YOUR GOAL: Give back the whole listing word for word and skip each picture.

GIVEN DATA:

+--

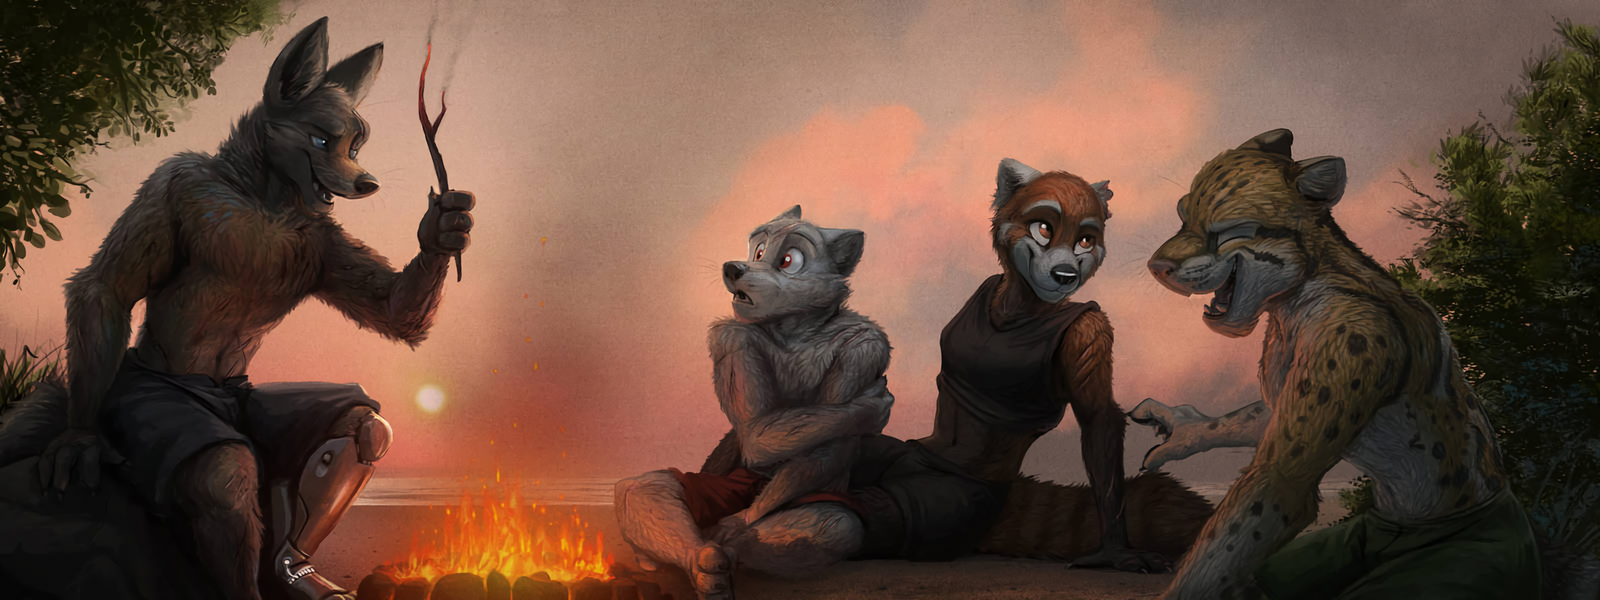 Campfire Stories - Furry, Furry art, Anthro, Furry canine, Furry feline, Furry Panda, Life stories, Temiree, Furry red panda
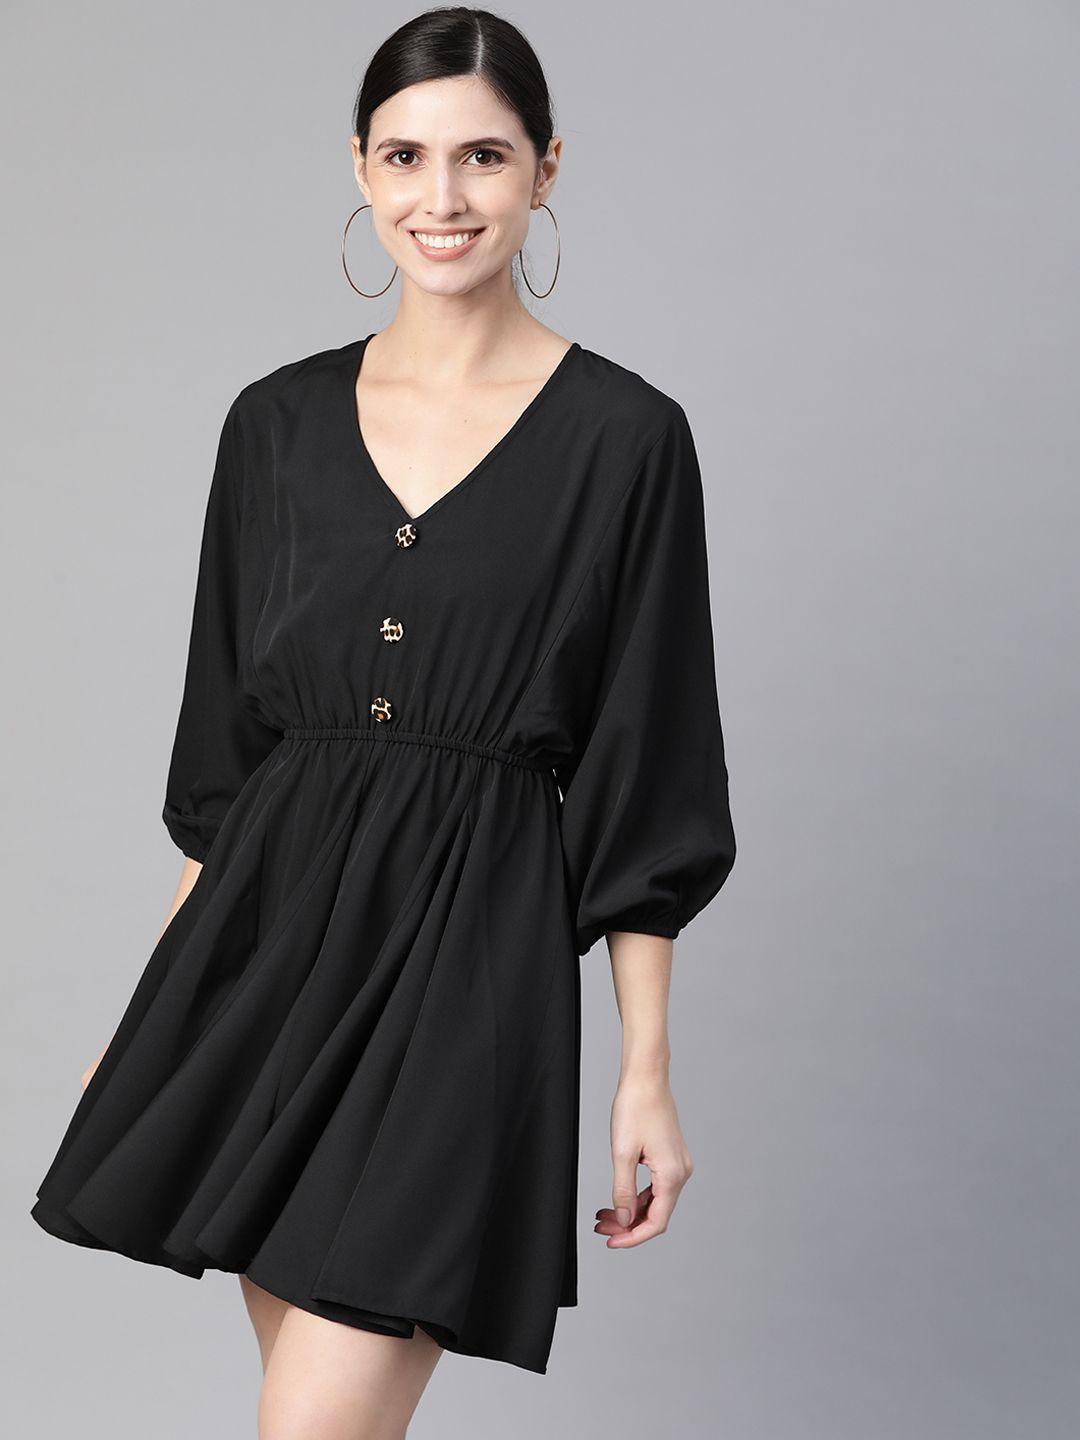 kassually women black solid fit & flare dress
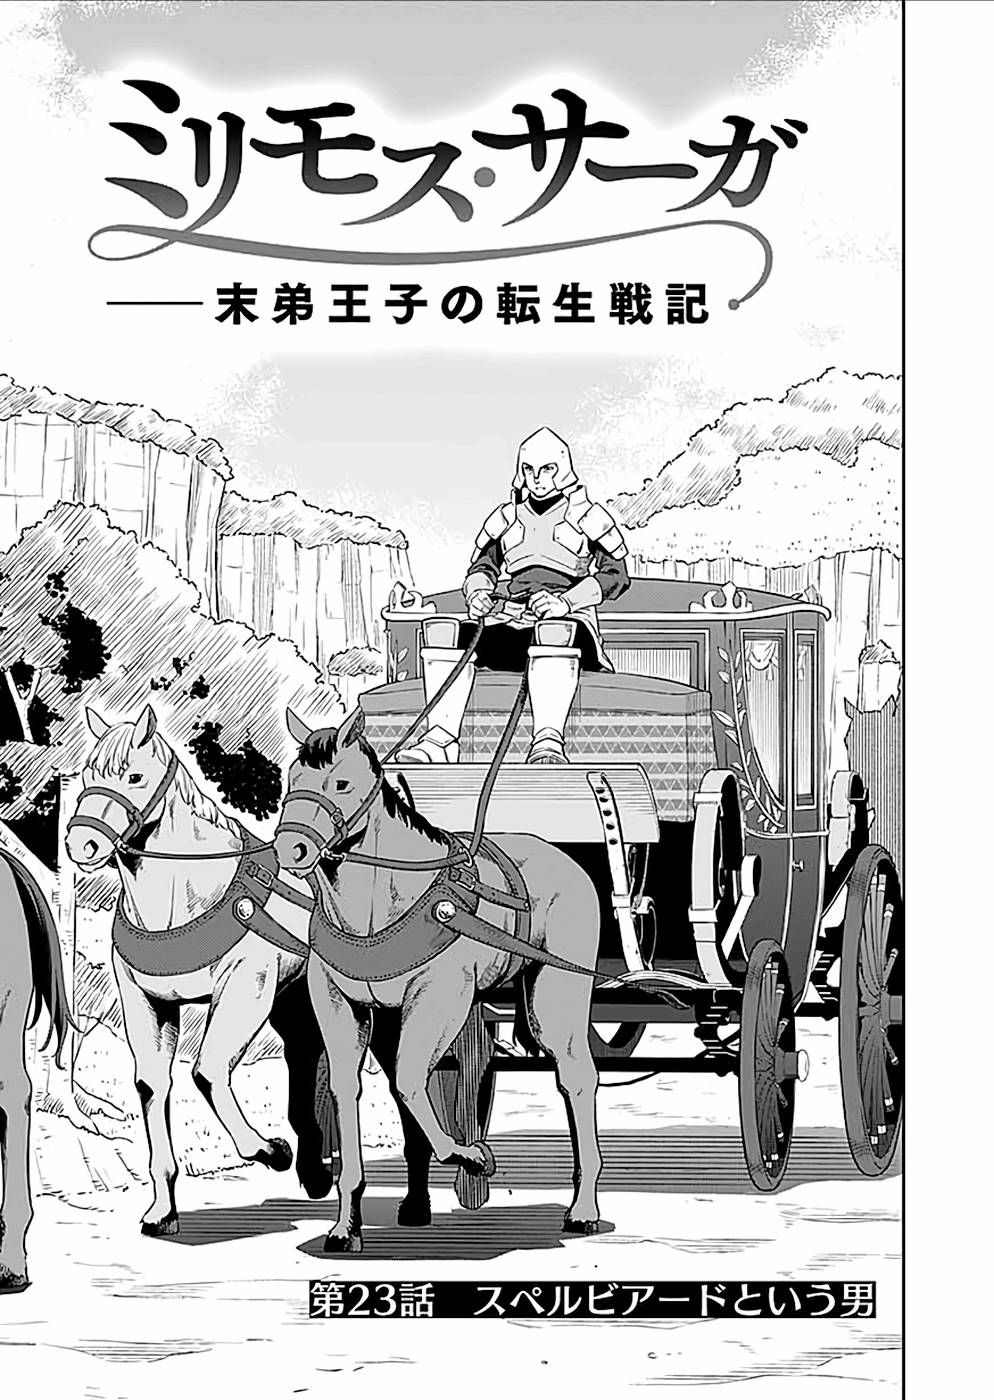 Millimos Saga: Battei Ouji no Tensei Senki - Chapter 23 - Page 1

+--

RESULT FOR THIS TASK:
 Campfire Stories - Furry, Furry art, Anthro, Furry canine, Furry feline, Furry Panda, Life stories, Temiree, Furry red panda
 kassually women black solid fit & flare dress
 Millimos Saga: Battei Ouji no Tensei Senki - Chapter 23 - Page 1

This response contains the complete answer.